Since the fall of the Soviet bloc and the various transformations in China since the late 1980s and early 1990s, scholars in both China and other regions have begun to use the term “civil society” to denote a realm of political practice separate from the state. Even today, the Chinese philosophy professor Han Lixin uses the term to denote future possibilities for China. However, unlike earlier works on civil society that attempt to guide China through Western liberal theory, Han explicitly draws on the Japanese “civil society Marxists,” such as Hirata Kiyoaki and Mochizuki Seiji. This essay in some ways mimics Han’s attempt to bring together Japanese Marxist theory and contemporary Chinese reality, but claims that reexamining theories of civil society in Japan should lead us to emphasize the logic of capital in understanding Chinese society and envisioning a future for socialism. The essay introduces the complex theorization of civil society by an often overlooked Marxist, Kakehashi Akihide. Kakehashi explicitly grasps civil society in relation to more fundamental categories in Marx’s work, such as the commodity form. In this way, he points the way to a deeper understanding of the dynamic of capitalism and by extension the history of particular regions of the world, such as China.

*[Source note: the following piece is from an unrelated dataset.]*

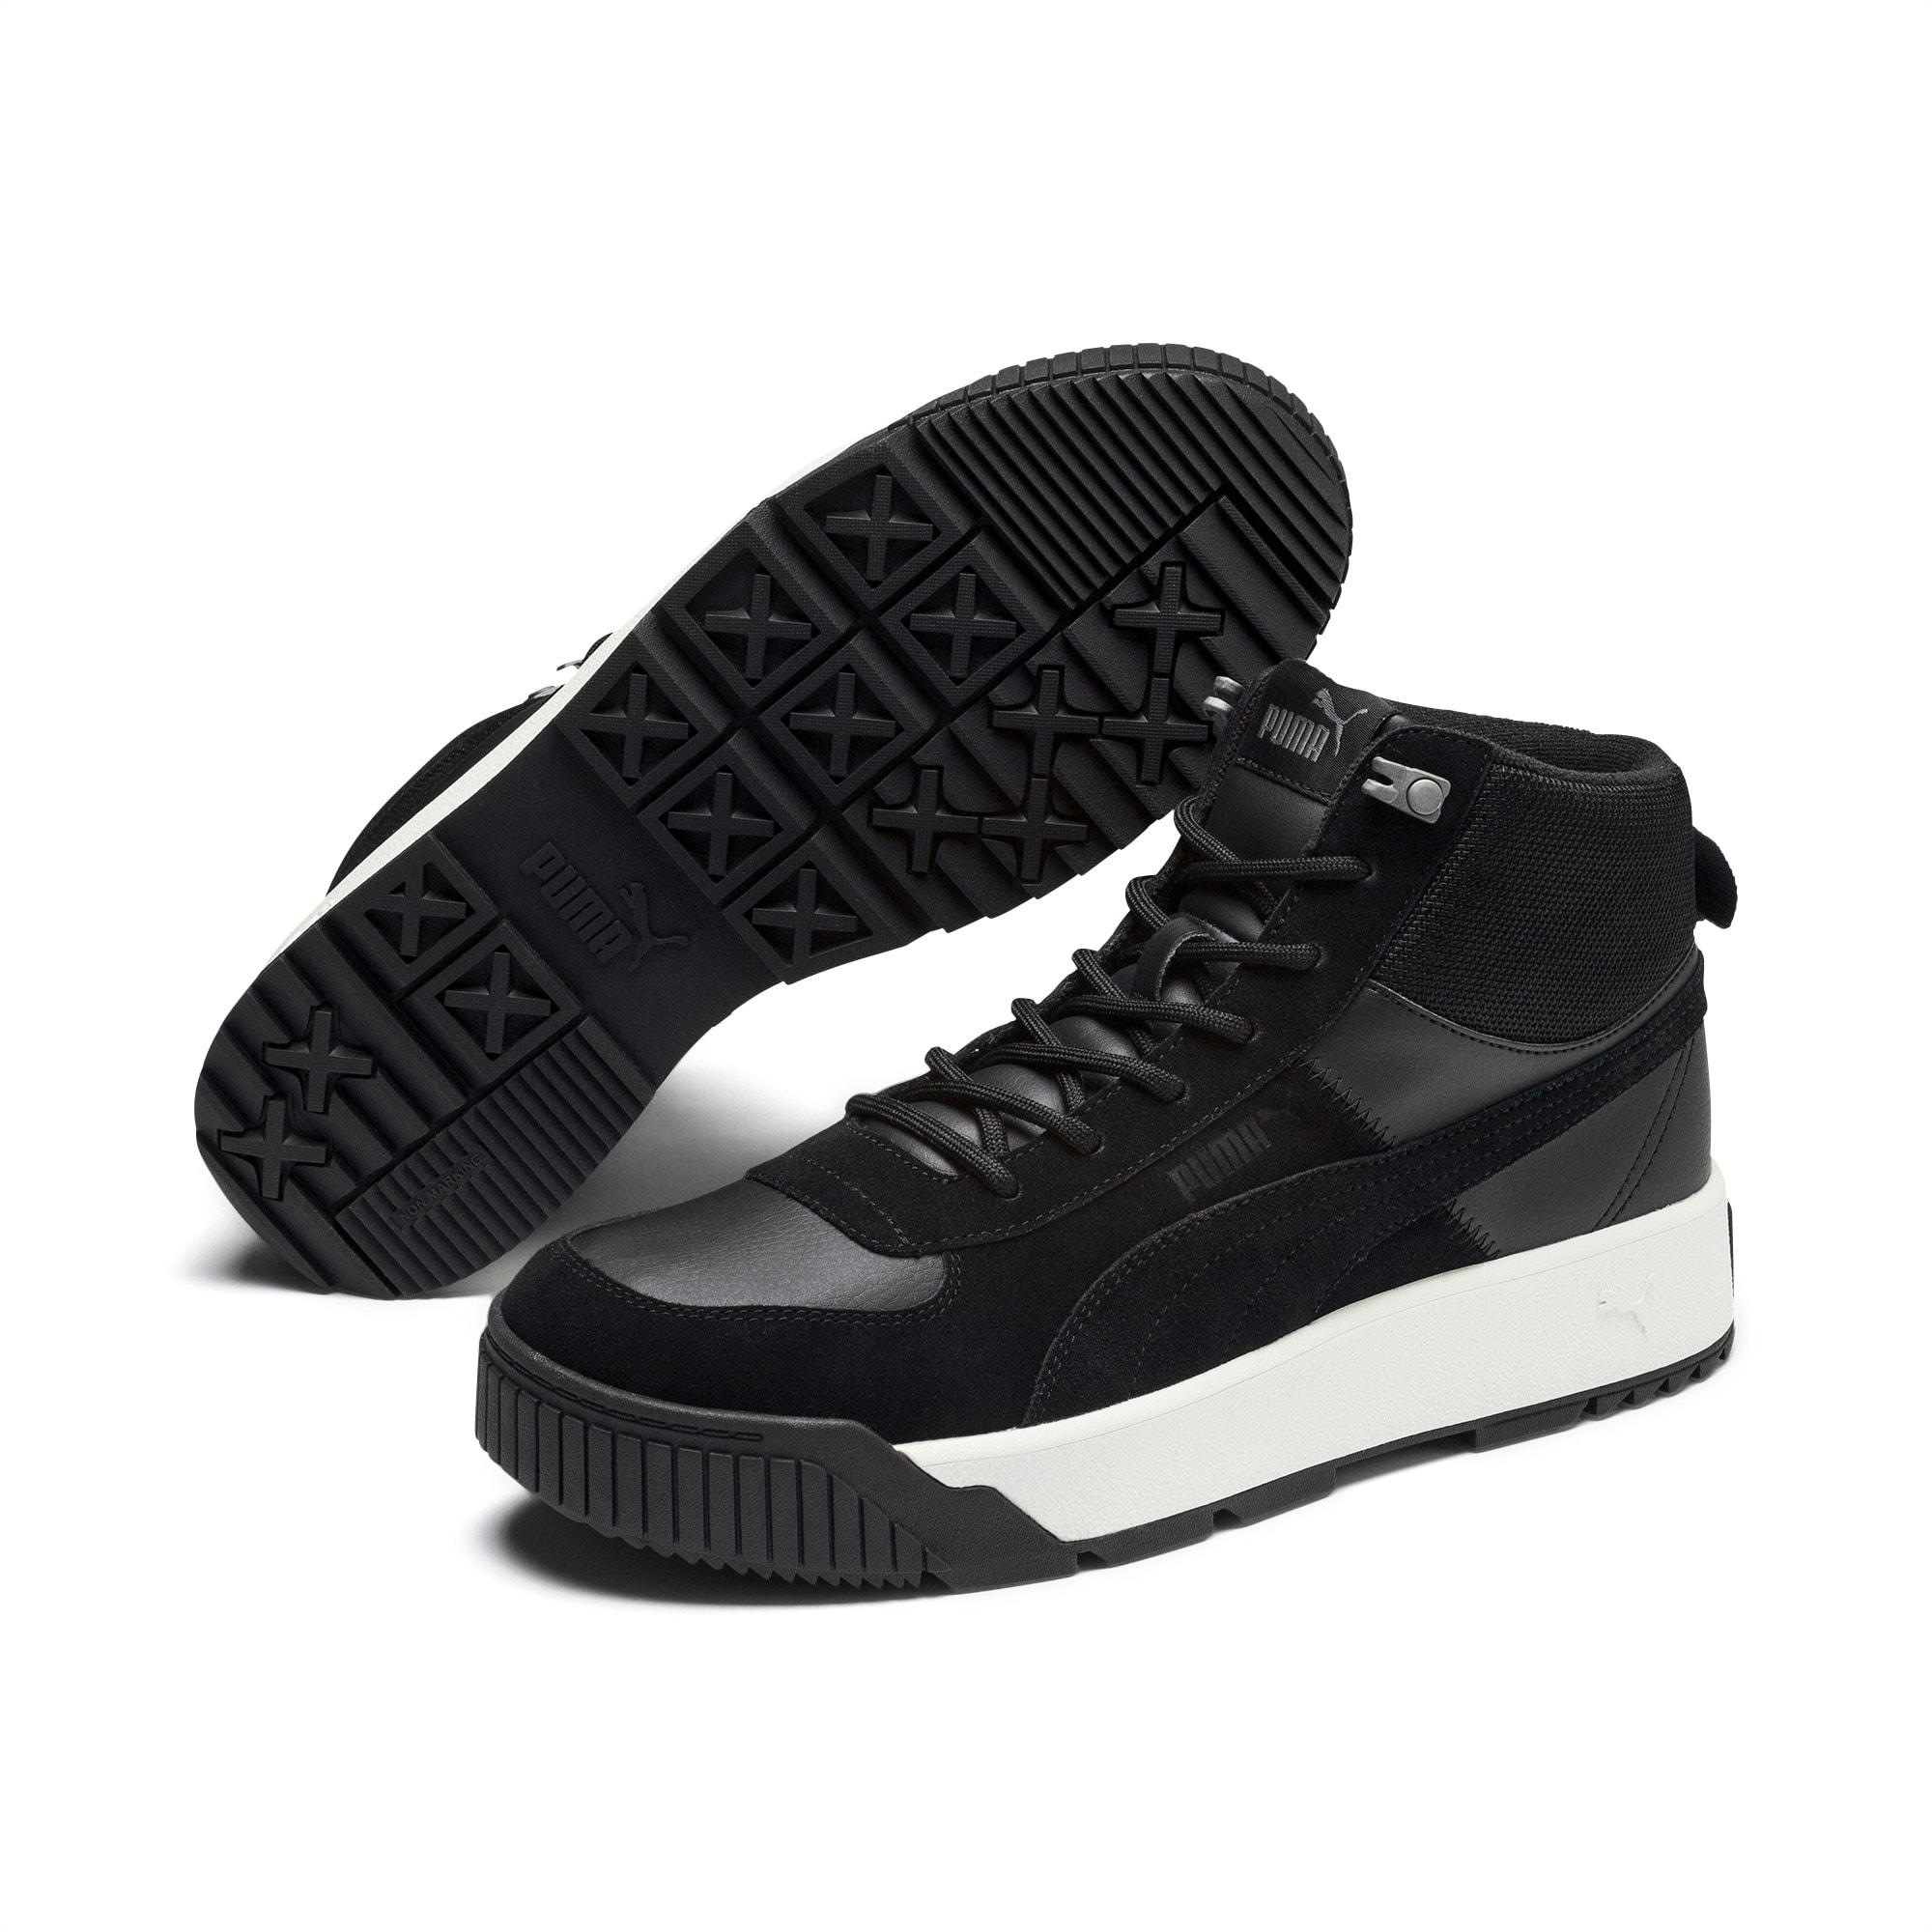 PUMA Leather Tarrenz Sb Men's Sneakers in 01 (Black) - Lyst

However, in the 1960s and early 1970s when the “civil society Marxists” Hirata Kiyoaki and Mochizuki Seiji popularized their reading of Marx, they focused on civil society as a moment of liberation without stressing the totalizing dynamic of capitalism. The essay discusses Han’s use of Hirata and Mochizuki, before returning to the problem of how thinking of capitalism as a totalizing dynamic could further illuminate issues of post-1949 and contemporary China. In short, I argue that civil society is always already imbricated in a more fundamental logic of producing surplus value, which serves to undermine the freedom that civil society is supposed to realize. Hence a true theory of human emancipation must focus on the totalizing logic of capitalism and how to overcome it.